◆ **Exercise prompt**
The reply should repeat all of the data word for word, with no pictures.

◆ **Exercise data**
┏━━

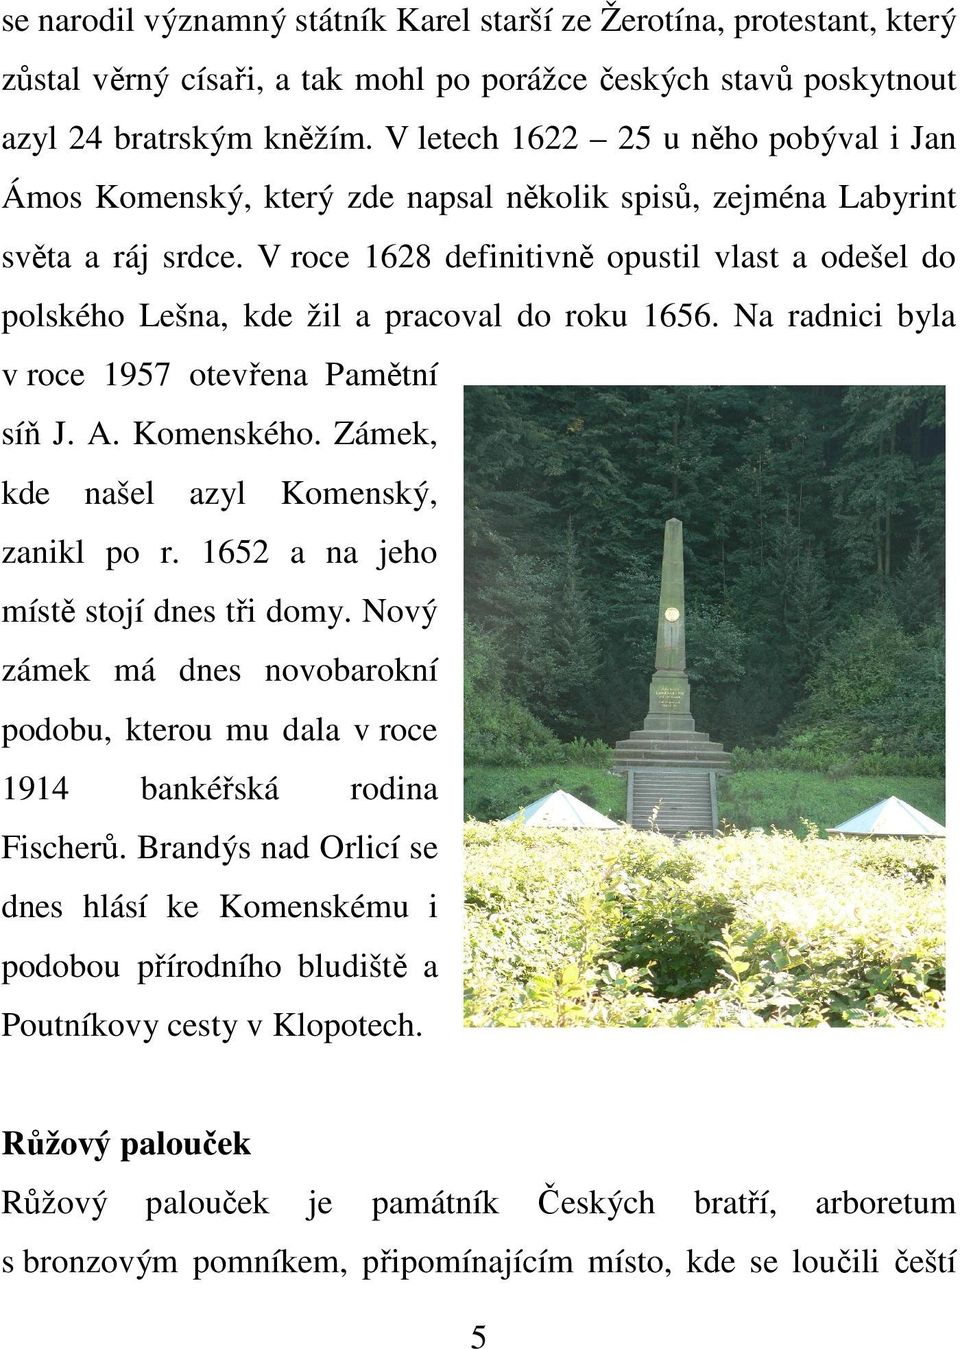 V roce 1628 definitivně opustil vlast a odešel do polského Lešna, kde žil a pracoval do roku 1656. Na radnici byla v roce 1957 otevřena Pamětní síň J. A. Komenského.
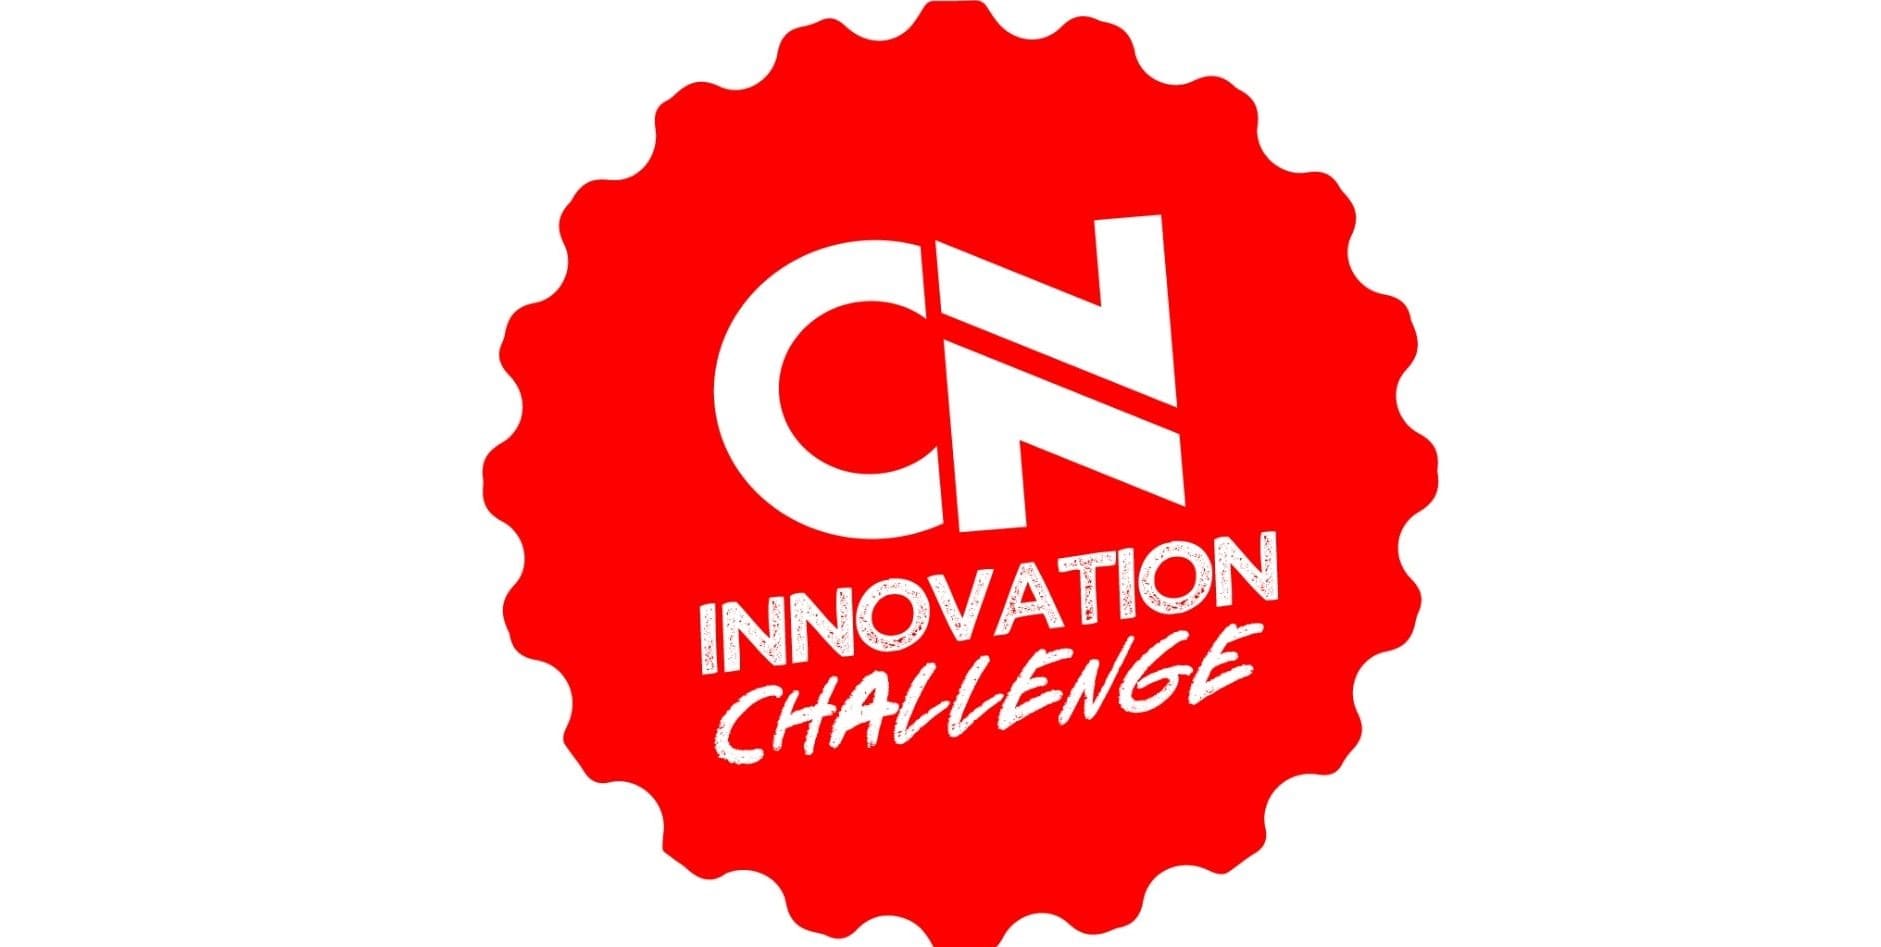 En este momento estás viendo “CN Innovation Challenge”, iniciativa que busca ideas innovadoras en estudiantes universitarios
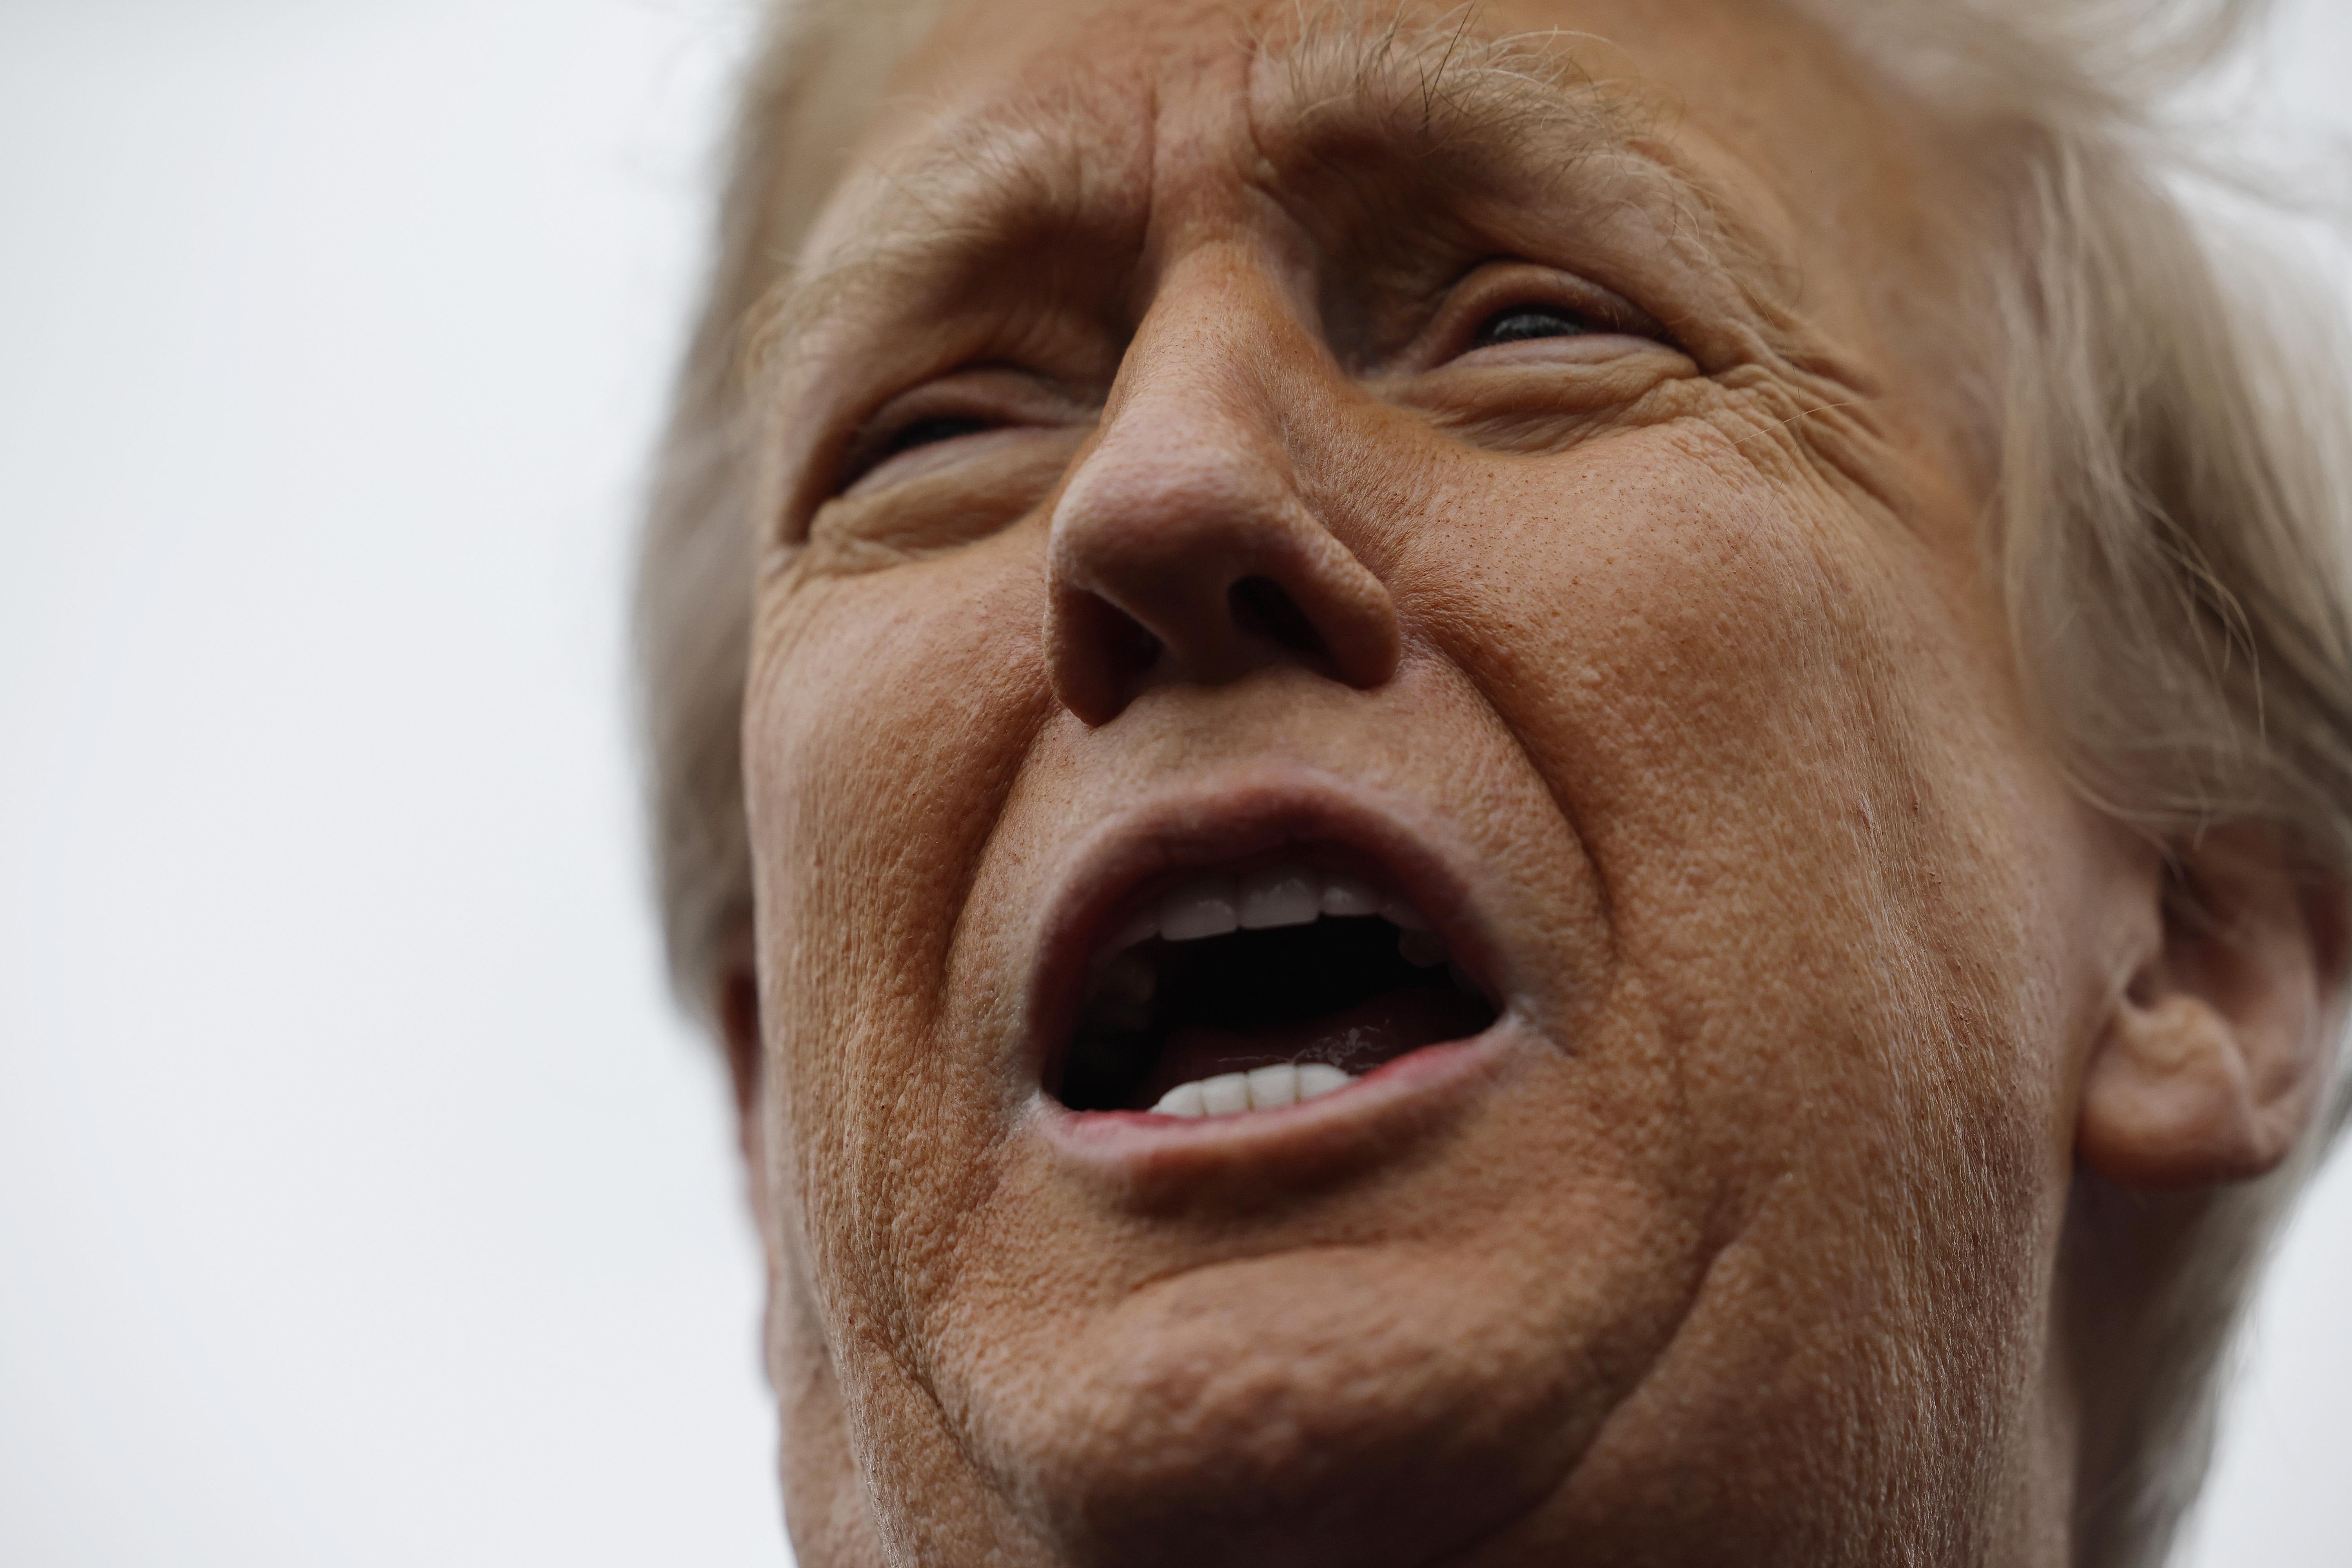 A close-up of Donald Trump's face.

┗━━

◆ **Answer for the task**
 V roce 1628 definitivně opustil vlast a odešel do polského Lešna, kde žil a pracoval do roku 1656. Na radnici byla v roce 1957 otevřena Pamětní síň J. A. Komenského.
 En este momento estás viendo “CN Innovation Challenge”, iniciativa que busca ideas innovadoras en estudiantes universitarios
 A close-up of Donald Trump's face.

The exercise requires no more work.